So, these people or these groups are controlling the minds of this young generation and trying to impose their ideas and thoughts, and using these kids because of their need of money or many other things, and paying them what they want, and then asking them to do things to damage the country, not really to rebuild it.
I am worried about the young generation growing up under these views and this kind of party. And, what we need, we need the skills, we need jobs and civil society skills to teach these young adults. And, they need to be able to focus on something productive to build their new life, not destroy it in another form, not in the name of their religion or in the name of extremist political causes.

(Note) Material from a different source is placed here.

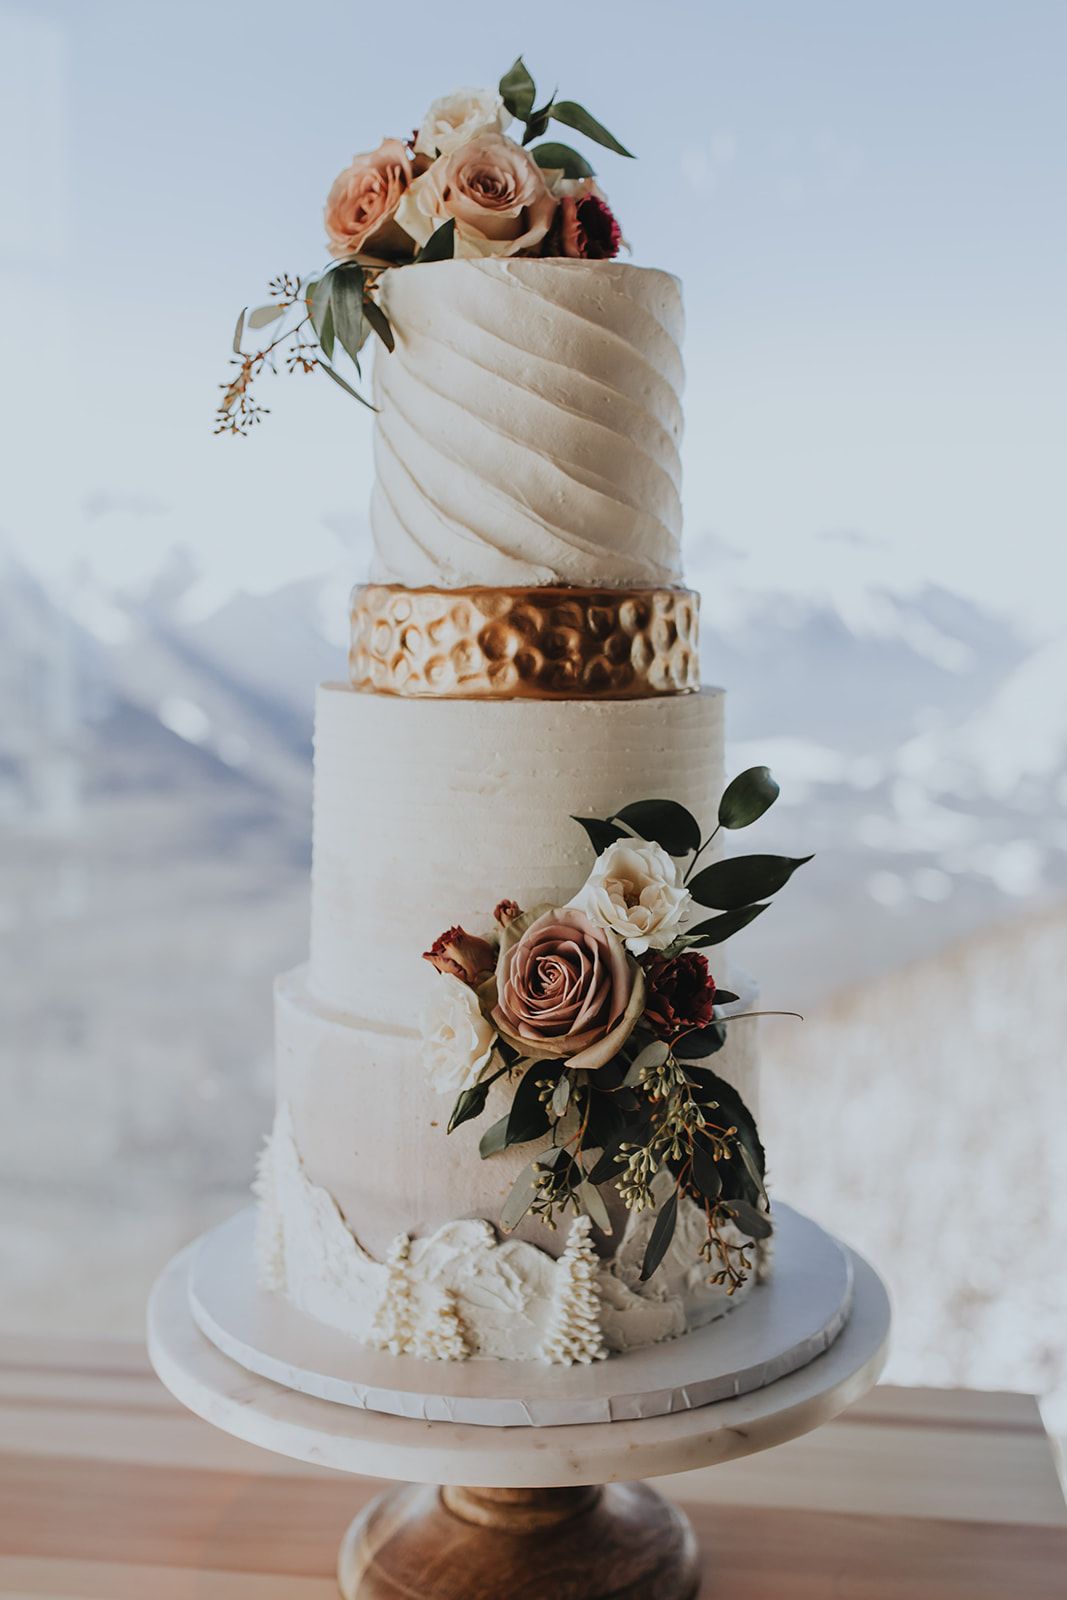 Sky Bistro Banff Wedding - Featured on Bronte Bride, wedding cake, rocky mountain wedding

We need a lot of things to be developed there. One of these things is as simple as a youth center for these kids, who can be educated, who can, you know, use their energy and mind and thoughts and ideas and put it in something to try to help them build their future, especially now. Iraq is an open society now. They have free trade. They have this, they have that, and these kids need to be emerging from what they have been taught in the past, to a new era, to a new world of freedom and democracy. And, as I said, these kinds of groups, they are outreaching, and they are trying to recruit these young teens and work with them.
The other -- this is one of the aspects that we are right now facing. I am working on education there in Iraq, and part of it is -- I cannot talk in detail much about the project, but I can give a summary about it. We are bringing the children -- they left school, out-of-school children who left school for a long time, and most of them now are young adults -- bringing them back to school, combining two school years in one year, so they can finish these two years, and they follow me if they can go back to the normal schools.

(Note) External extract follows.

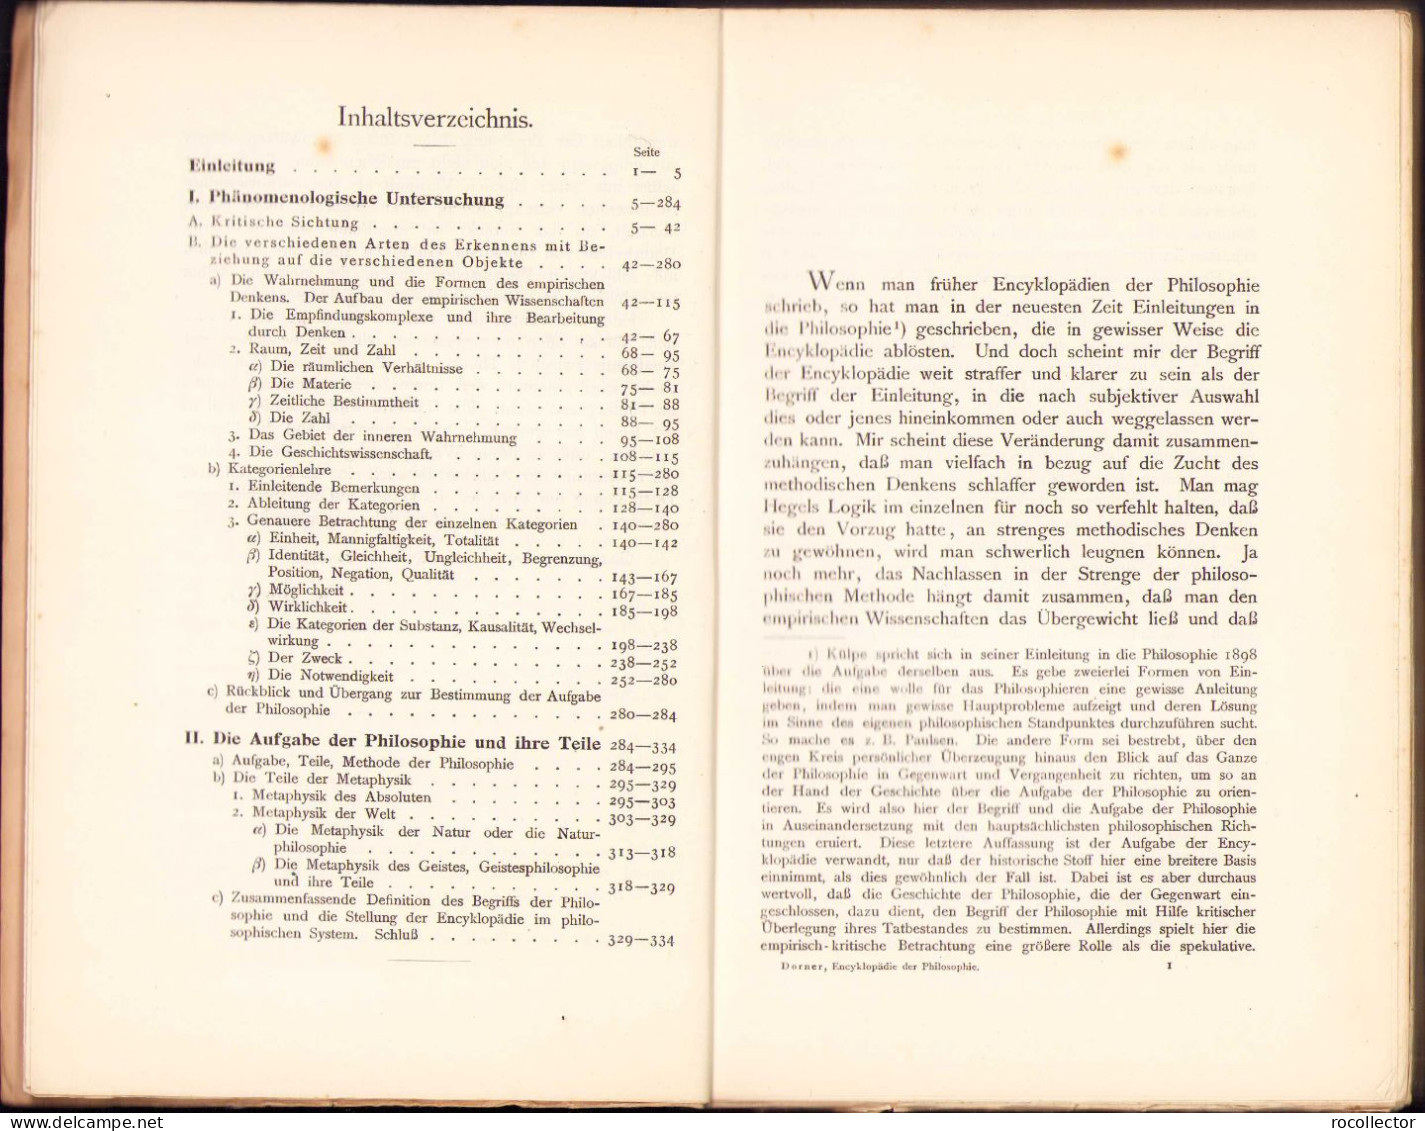 Encyklopädie Der Philosophie Mit Besonderer Berücksichtigung Der Erkenntnistheorie Und Kategorienlehre Von A Dorner 1910 - Livres Anciens

In the beginning, we had a struggle with their families, because most of these kids are working in the street or working as a mechanic or somewhere in the market. The family wants them to work, so they can support their families. But, we try to, you know, talk to parents, trying to convince them that education is the key, and it’s very important for their children to be educated. In the beginning, the resentment was big, but now if you see the queue of the line of moms bringing their children to these centers, it’s amazing.
Last week -- not last week. Two weeks ago, before I came to the states, I had -- I was visiting one of our centers -- education centers for these kids. And, a young person, who 21 years old, came to me, and she said, "Can you accept me in the center?" I said, ‘Well, this is for a certain age group, and you are 21, and these are, you know, kids from 9 until about 16 or 18.’ She said, "Please, all what I want is to learn how to read and write. I don’t mind sitting with the first grade kids. Just please, let me be in the class." I couldn’t just stop her and tell her no. Somebody who is really eager and would like to learn and wants to learn, we cannot just stop them and tell them, no, we cannot accept you.
I was on another visit to another site, and there was a kid in the class who was about 16, 17 years old. And he said, "Please, Ms. Zainab, I have three of my friends, but they are older than me. Can you accept them in the program?" And I said, ‘Unfortunately, we have a certain number to accept these kids in these programs.’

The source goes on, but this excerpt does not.